Aim of the exercise: Each line from the one containing "At-speed ATPG testing" to the end of the listing below should be output exactly; no other line is wanted.

--------------------

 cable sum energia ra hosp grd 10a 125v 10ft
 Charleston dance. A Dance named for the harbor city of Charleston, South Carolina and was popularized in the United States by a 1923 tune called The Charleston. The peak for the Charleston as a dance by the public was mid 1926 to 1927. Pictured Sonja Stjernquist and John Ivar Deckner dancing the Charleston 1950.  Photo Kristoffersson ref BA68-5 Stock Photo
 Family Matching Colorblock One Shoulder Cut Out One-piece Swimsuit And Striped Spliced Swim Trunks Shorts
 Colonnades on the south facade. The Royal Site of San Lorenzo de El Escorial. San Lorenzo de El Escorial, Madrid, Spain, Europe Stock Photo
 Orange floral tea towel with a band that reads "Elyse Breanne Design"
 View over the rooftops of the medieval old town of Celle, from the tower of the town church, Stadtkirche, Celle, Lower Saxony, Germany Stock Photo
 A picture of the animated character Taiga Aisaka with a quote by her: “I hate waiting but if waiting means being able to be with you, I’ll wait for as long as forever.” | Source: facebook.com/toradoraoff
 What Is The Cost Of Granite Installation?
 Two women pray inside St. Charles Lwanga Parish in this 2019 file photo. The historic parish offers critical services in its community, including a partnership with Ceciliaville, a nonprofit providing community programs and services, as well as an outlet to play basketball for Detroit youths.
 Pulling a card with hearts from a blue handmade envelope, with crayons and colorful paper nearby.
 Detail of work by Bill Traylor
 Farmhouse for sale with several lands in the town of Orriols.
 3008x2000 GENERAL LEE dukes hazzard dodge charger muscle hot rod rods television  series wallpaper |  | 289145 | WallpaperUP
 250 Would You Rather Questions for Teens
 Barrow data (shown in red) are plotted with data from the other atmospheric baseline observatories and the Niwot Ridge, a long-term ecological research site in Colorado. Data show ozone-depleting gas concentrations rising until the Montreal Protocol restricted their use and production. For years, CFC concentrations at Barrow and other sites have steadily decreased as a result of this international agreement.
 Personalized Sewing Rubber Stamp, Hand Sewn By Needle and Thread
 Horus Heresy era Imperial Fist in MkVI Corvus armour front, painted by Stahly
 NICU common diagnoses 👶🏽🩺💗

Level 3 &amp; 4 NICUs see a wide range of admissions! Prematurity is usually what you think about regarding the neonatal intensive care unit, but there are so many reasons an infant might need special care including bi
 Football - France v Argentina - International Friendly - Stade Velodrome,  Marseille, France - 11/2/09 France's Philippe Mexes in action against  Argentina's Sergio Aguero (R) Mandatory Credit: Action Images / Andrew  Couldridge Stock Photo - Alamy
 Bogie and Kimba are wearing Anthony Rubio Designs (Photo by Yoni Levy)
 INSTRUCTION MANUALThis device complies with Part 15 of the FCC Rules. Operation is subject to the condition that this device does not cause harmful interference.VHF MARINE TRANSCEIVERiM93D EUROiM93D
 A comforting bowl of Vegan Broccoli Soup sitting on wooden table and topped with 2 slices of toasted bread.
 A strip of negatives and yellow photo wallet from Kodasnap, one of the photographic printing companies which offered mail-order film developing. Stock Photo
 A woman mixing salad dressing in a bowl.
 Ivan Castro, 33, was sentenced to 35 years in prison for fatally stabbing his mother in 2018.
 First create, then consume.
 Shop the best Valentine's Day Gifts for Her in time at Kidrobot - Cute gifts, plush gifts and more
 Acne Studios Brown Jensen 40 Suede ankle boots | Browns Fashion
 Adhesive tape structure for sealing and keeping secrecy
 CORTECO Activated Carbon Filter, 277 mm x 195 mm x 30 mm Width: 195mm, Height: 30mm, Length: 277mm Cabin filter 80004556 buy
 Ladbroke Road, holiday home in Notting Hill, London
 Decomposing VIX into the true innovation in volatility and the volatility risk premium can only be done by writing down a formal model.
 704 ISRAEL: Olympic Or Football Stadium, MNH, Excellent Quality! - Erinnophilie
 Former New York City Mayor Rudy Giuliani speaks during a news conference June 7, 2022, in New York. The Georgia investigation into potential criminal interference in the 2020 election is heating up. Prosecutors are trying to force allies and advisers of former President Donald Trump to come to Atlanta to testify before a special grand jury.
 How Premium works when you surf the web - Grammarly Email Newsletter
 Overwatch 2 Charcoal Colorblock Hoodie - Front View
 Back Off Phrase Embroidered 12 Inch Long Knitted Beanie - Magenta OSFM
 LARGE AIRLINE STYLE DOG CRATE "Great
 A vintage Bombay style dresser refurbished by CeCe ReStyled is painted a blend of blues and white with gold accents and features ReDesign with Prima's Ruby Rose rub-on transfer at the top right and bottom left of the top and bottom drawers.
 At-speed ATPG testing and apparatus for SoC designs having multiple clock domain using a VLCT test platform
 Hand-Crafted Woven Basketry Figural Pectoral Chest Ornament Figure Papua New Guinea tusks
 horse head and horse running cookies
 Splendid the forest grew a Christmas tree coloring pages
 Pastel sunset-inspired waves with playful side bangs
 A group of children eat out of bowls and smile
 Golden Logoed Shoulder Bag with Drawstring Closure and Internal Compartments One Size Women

--------------------

Your response:
 At-speed ATPG testing and apparatus for SoC designs having multiple clock domain using a VLCT test platform
 Hand-Crafted Woven Basketry Figural Pectoral Chest Ornament Figure Papua New Guinea tusks
 horse head and horse running cookies
 Splendid the forest grew a Christmas tree coloring pages
 Pastel sunset-inspired waves with playful side bangs
 A group of children eat out of bowls and smile
 Golden Logoed Shoulder Bag with Drawstring Closure and Internal Compartments One Size Women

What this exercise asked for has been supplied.